Get God’s Greatest Gifts

The Fifth Sunday after Epiphany

  1. Salvation
  2. Faith
  3. The Gospel
SERMON TEXT:  Romans 10:13-17

Yes, “Everyone who calls on the name of the Lord will be saved.” So then, how can they call on the one they have not believed in? And how can they believe in the one about whom they have not heard? And how can they hear without a preacher? And how can they preach unless they are sent? Just as it is written, “How beautiful are the feet of those who preach the good news of peace, who preach the gospel of good things!” But not all obeyed the gospel. For Isaiah says, “Lord, who believed our message?” So then, faith comes from hearing the message, and the message comes through the word of Christ.

Sermon Audio, Video, & Transcript

Get God’s Greatest Gifts

Grace and peace to you from God the father and our Lord and Savior Jesus Christ.

Dear friends,

The word from God through which the Holy Spirit stirs our hearts is Romans 10:13-17. I’ll read some of the key parts. Everyone who calls on the name of the Lord will be saved. How can they call on the one they have not believed in, and how can they believe in one about whom they have not heard?
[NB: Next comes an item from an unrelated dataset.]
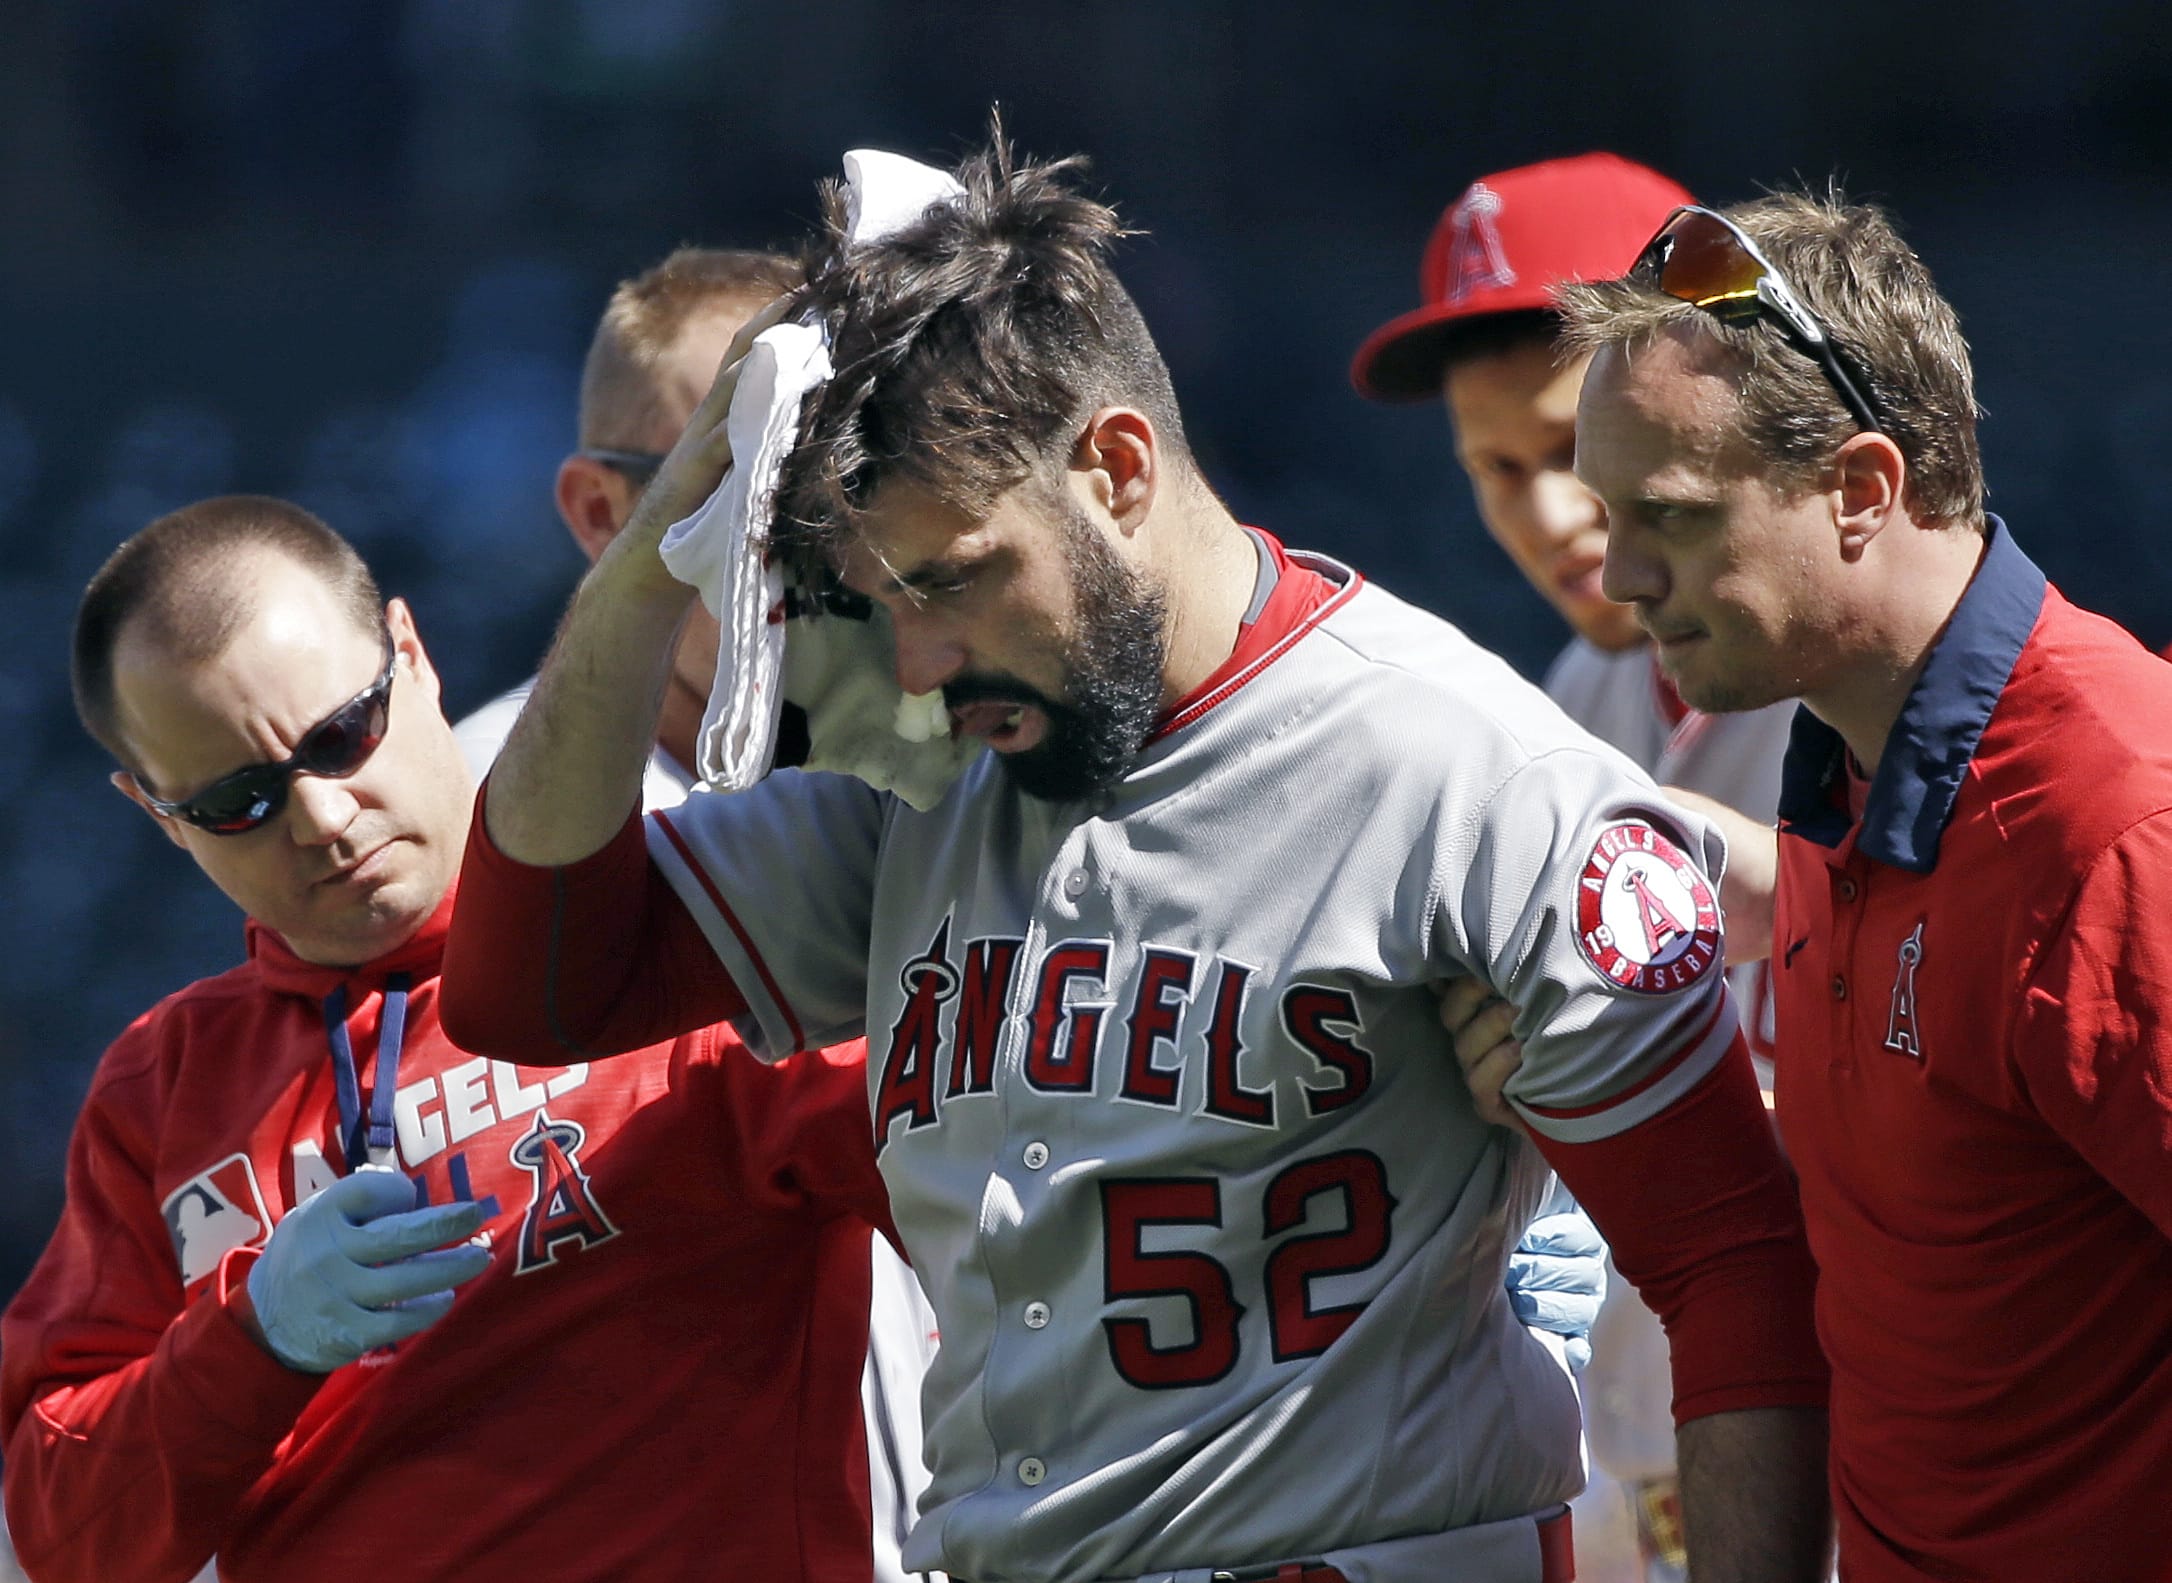 Los Angeles Angels starting pitcher Matt Shoemaker is assisted off the field after being hit by a line drive from Seattle Mariners' Kyle Seager in the second inning of a baseball game, Sunday, Sept. 4, 2016, in Seattle.

How can they hear without a preacher and how can they preach unless they are sent? It is written how beautiful are the feet of those who preach the good news of peace. The gospel of good things, but not all obeyed the gospel. Isaiah says Lord who believed our message? Faith comes from hearing the message, and the message comes through the word of Christ.

Dear fellow saints who were washed clean in the blood of our risen Savior. Why did you come to church today? Did you come to make some business connections? Maybe you’re a lonely person looking for a date. Maybe you came to church to keep the wife happy or maybe need to keep mom and dad off your back. Maybe you came to church because you want to be a better person. You want to learn some things that may be important in life, or maybe the reason that she came to church tonight is that you are trying to repay a debt. Maybe you made a vow to God some time ago to get you out of a jam, and you said if you just get me out of this jam Lord, I promise you that I will come every Sunday. I hope you can tell that all of those reasons for coming to church are flawed. The first couple that I mentioned, well those are just looking for earthly advantages, aren’t they? The second few that I mentioned are either trying to present yourself as a good person, or to become a better person, so that you can present yourself to God as a good person. And boy, the last one, the last one just sounds like you feel so sure of yourself and think so highly of yourself that God must really want to be in a relationship with you. I’ll come to church every Sunday like that’s going to be a bribe that keeps God giving you blessings, because God certainly wants your stinking sinful self in church. You forget that all of your righteous deeds are nothing but filthy rags? Do you forget the reason for coming to church in the first place? It’s not about what you give to God because you have nothing that you can give to God that he needs. Nothing even really that he wants. There’s nothing that he is lacking. He is not a lonely person looking for a date.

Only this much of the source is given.